Patients prescribed 24 mg of buprenorphine remained on treatment longer than those prescribed the recommended target maintenance dose of 16 mg. Statistical analysis showed that the latter group was 20% more likely to discontinue treatment than the group prescribed 24 mg.
“Currently recommended target doses for buprenorphine are based on research conducted before fentanyl was widely available. We are currently seeing people with high levels of tolerance and dependence to opioids, and the buprenorphine dose Our findings suggest that increasing the dose (up to 24 mg) may improve treatment retention in these populations,” said Associate Rachel Wightman, MD. Professor of Emergency Medicine and Epidemiology at Brown University Alpert School of Medicine and one of the study’s principal investigators. “We have a responsibility to help our patients succeed.”
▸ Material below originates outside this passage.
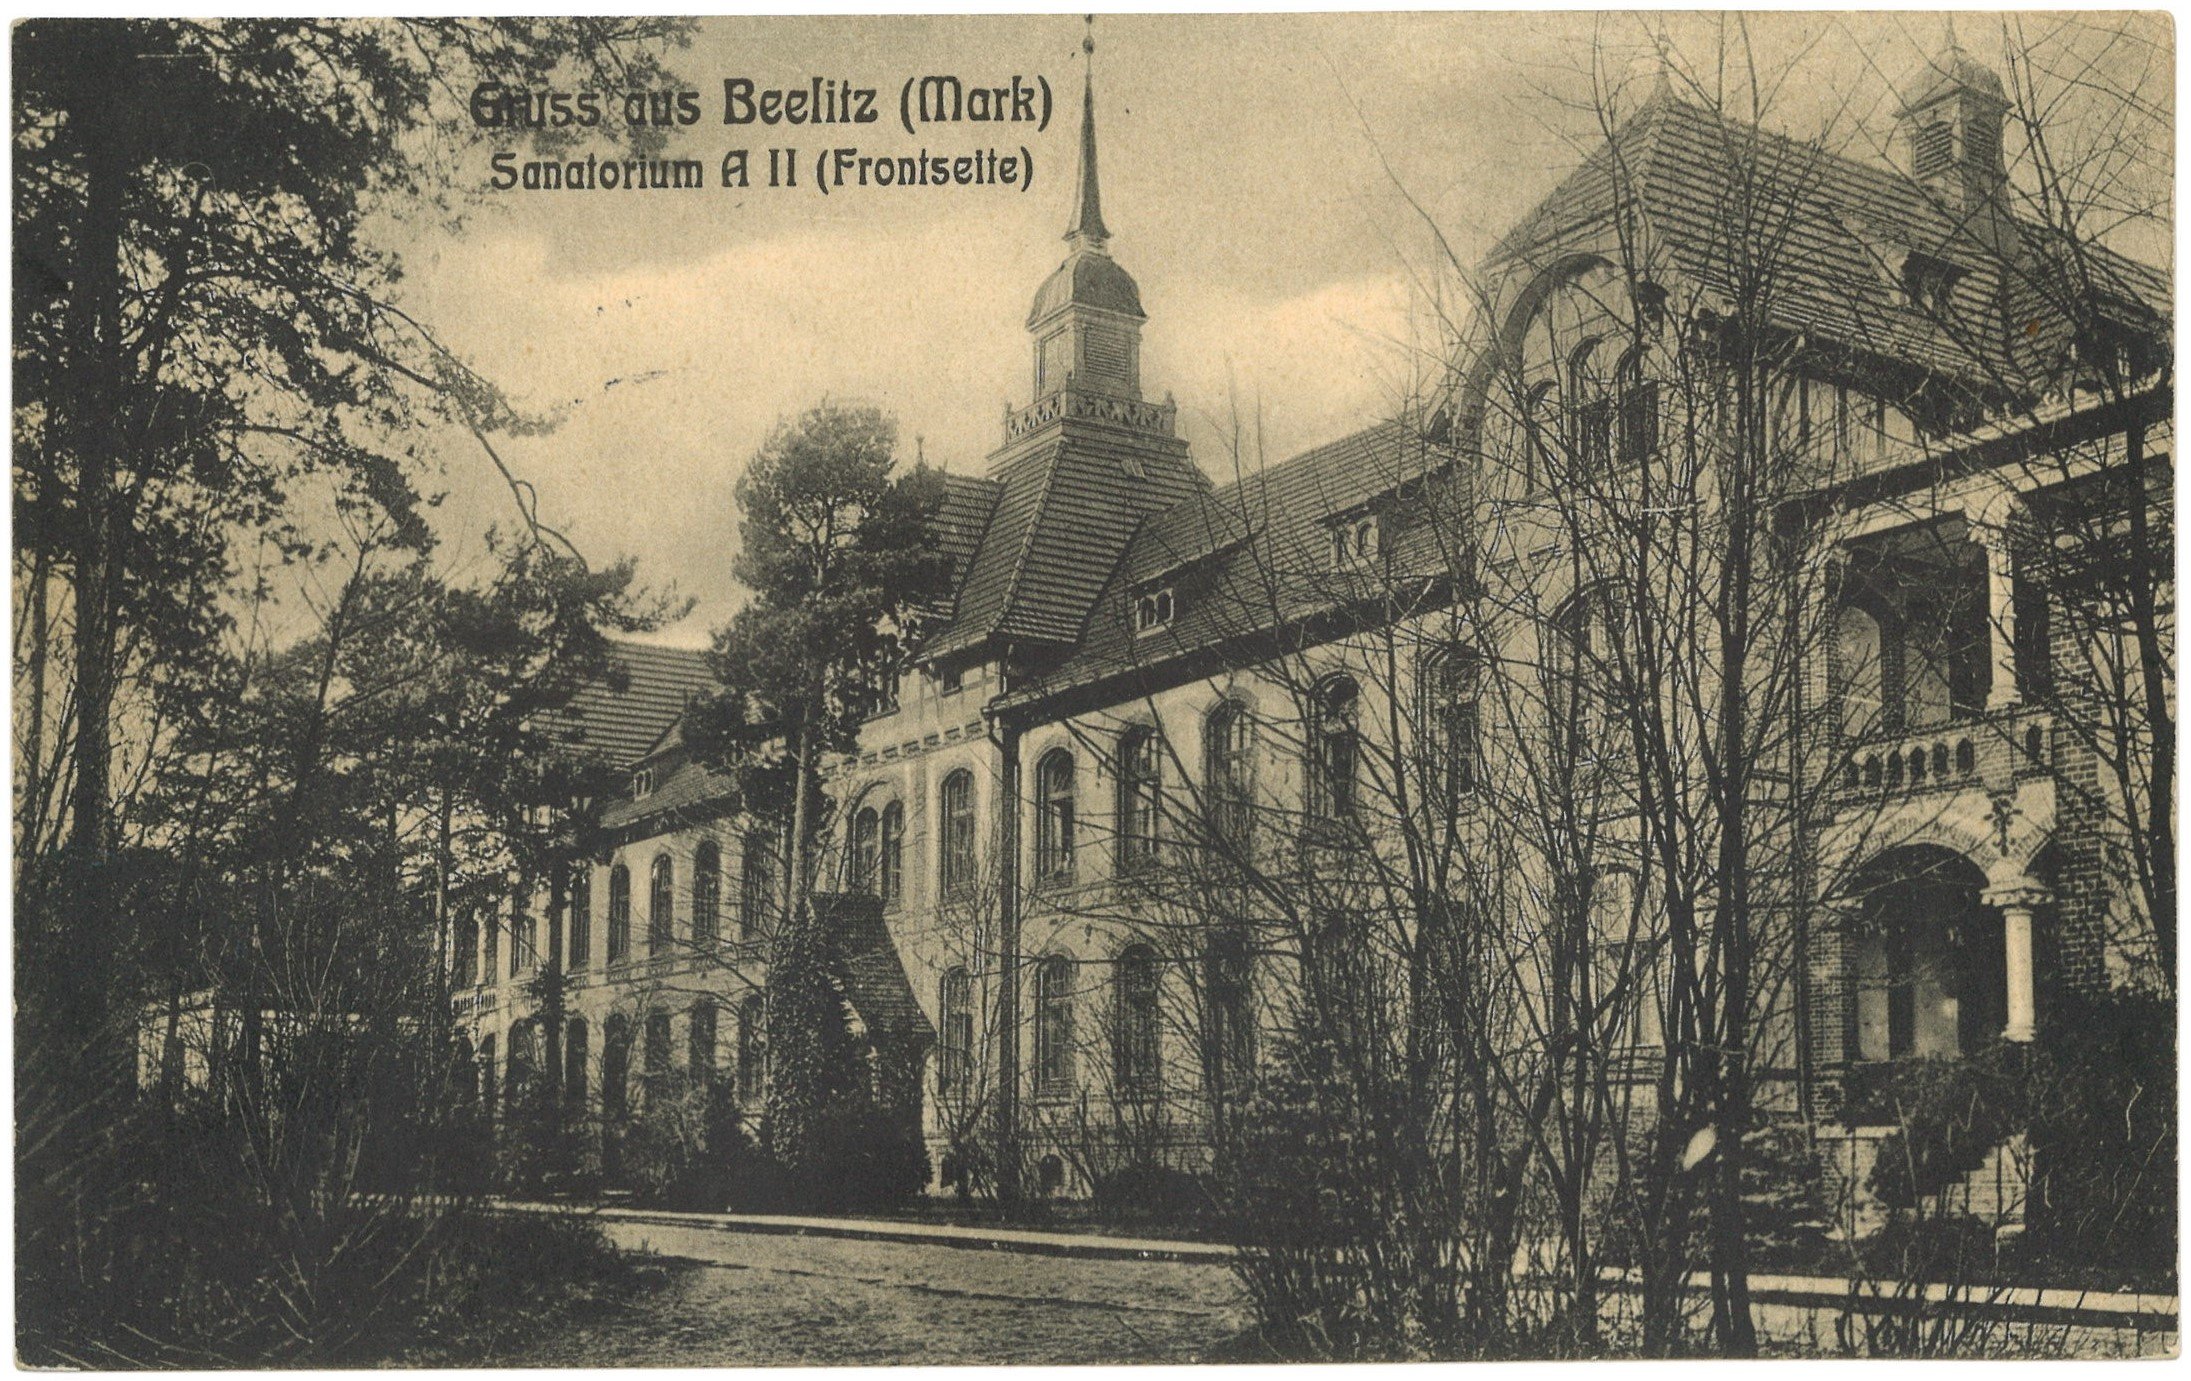 Beelitz-Heilstätten: Sanatoruium A II (Vorderseite) (Landesgeschichtliche Vereinigung für die Mark Brandenburg e.V. CC BY)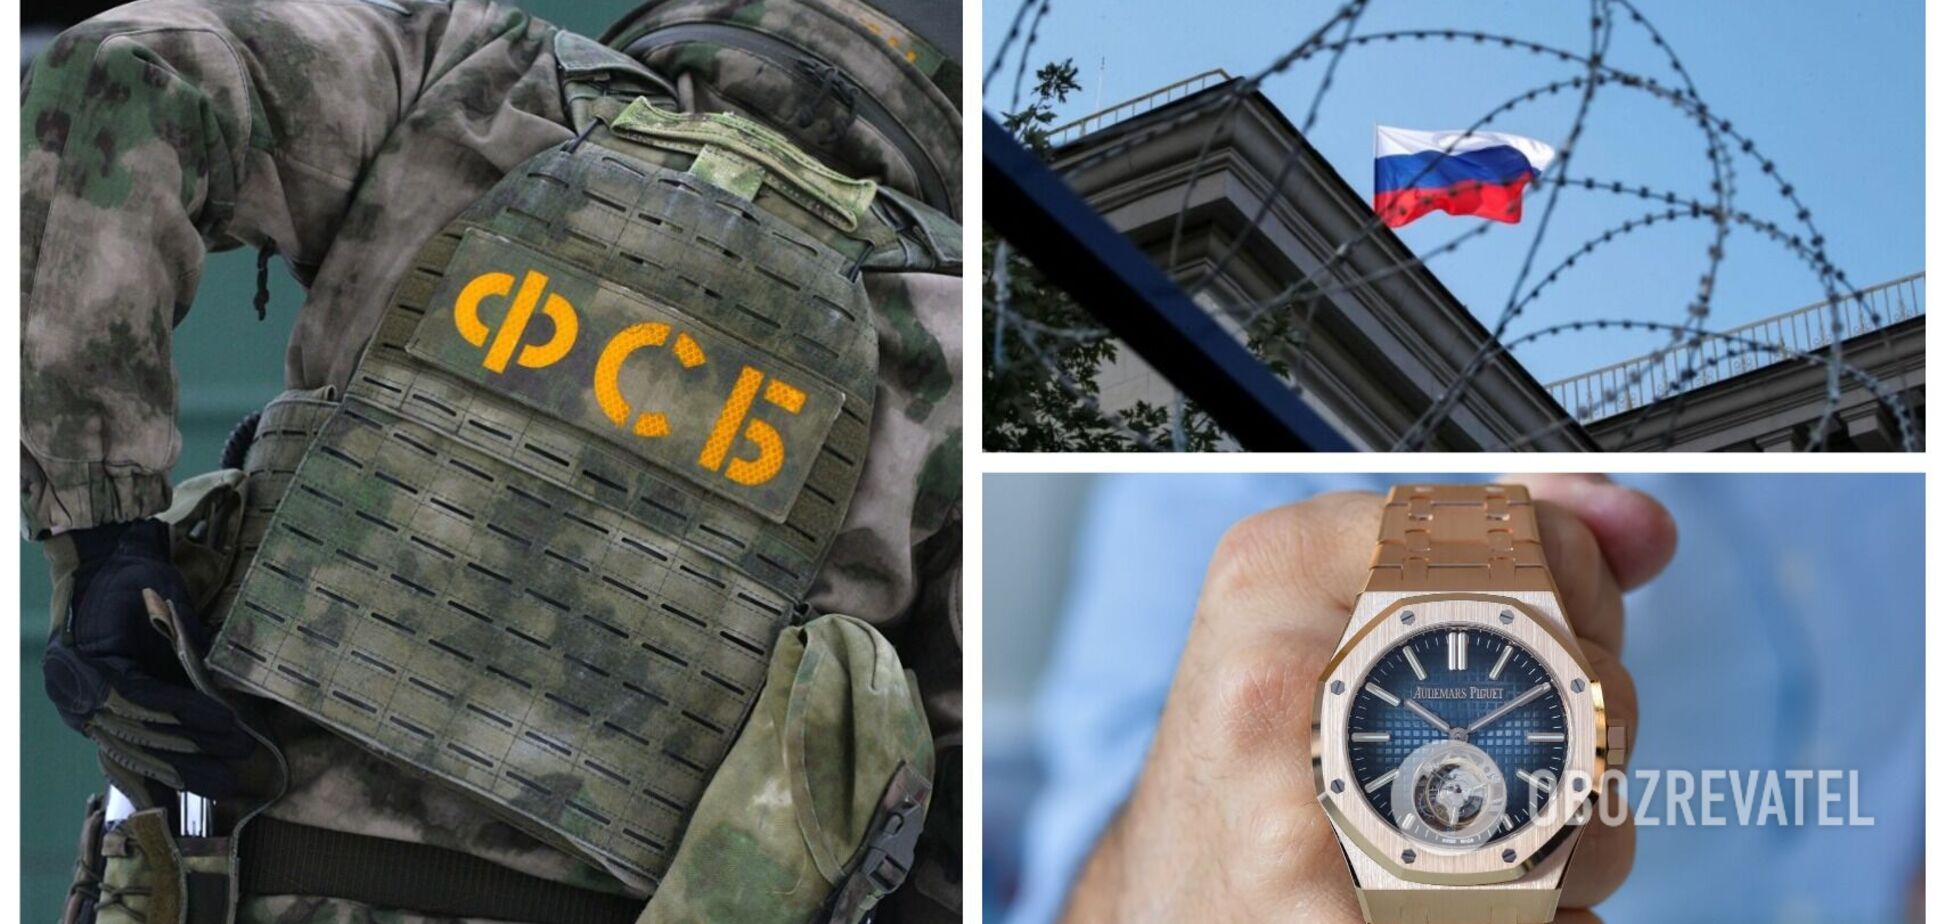 ФСБ конфисковала швейцарские часы Audemars Piguet на российских складах в ответ на западные санкции

Future research directions
To continue this research, scientists will conduct a prospective randomized clinical trial to evaluate the effectiveness of daily doses of buprenorphine up to 24 mg in improving treatment retention and reducing the risk of overdose and death. That’s what I’m aiming for. In this trial, researchers will also investigate the role of other factors that may be associated with treatment retention, such as clinicians’ prescribing practices and patients’ sociodemographic and living circumstances. The results of this trial could ultimately help inform updated standards of treatment for opioid use disorder.
References: “Buprenorphine Dosage and Time to Discontinuation in Patients with Opioid Use Disorder in the Fentanyl Era” Laura C. Chambers, Ph.D., MPH; Benjamin D. Hallowell, Ph.D., MPH. Andrew R. Zullo, Pharm.D. Taylor J. Paiva, MPH. Justin Burke, MD, MPH, MBA. Rachel Gaither, Bachelor of Science; Dr. Aidan J. Hampson. Francesca L. Beaudoin, MD, PhD and Rachel S. Wightman, MD, FACMT, September 18, 2023; JAMA network open.
DOI: 10.1001/jamanetworkopen.2023.34540
This research was funded by the National Institute on Drug Abuse, part of the National Institutes of Health, under award number UG3DA056880. The content is solely the responsibility of the authors and does not necessarily represent the official views of the National Institutes of Health.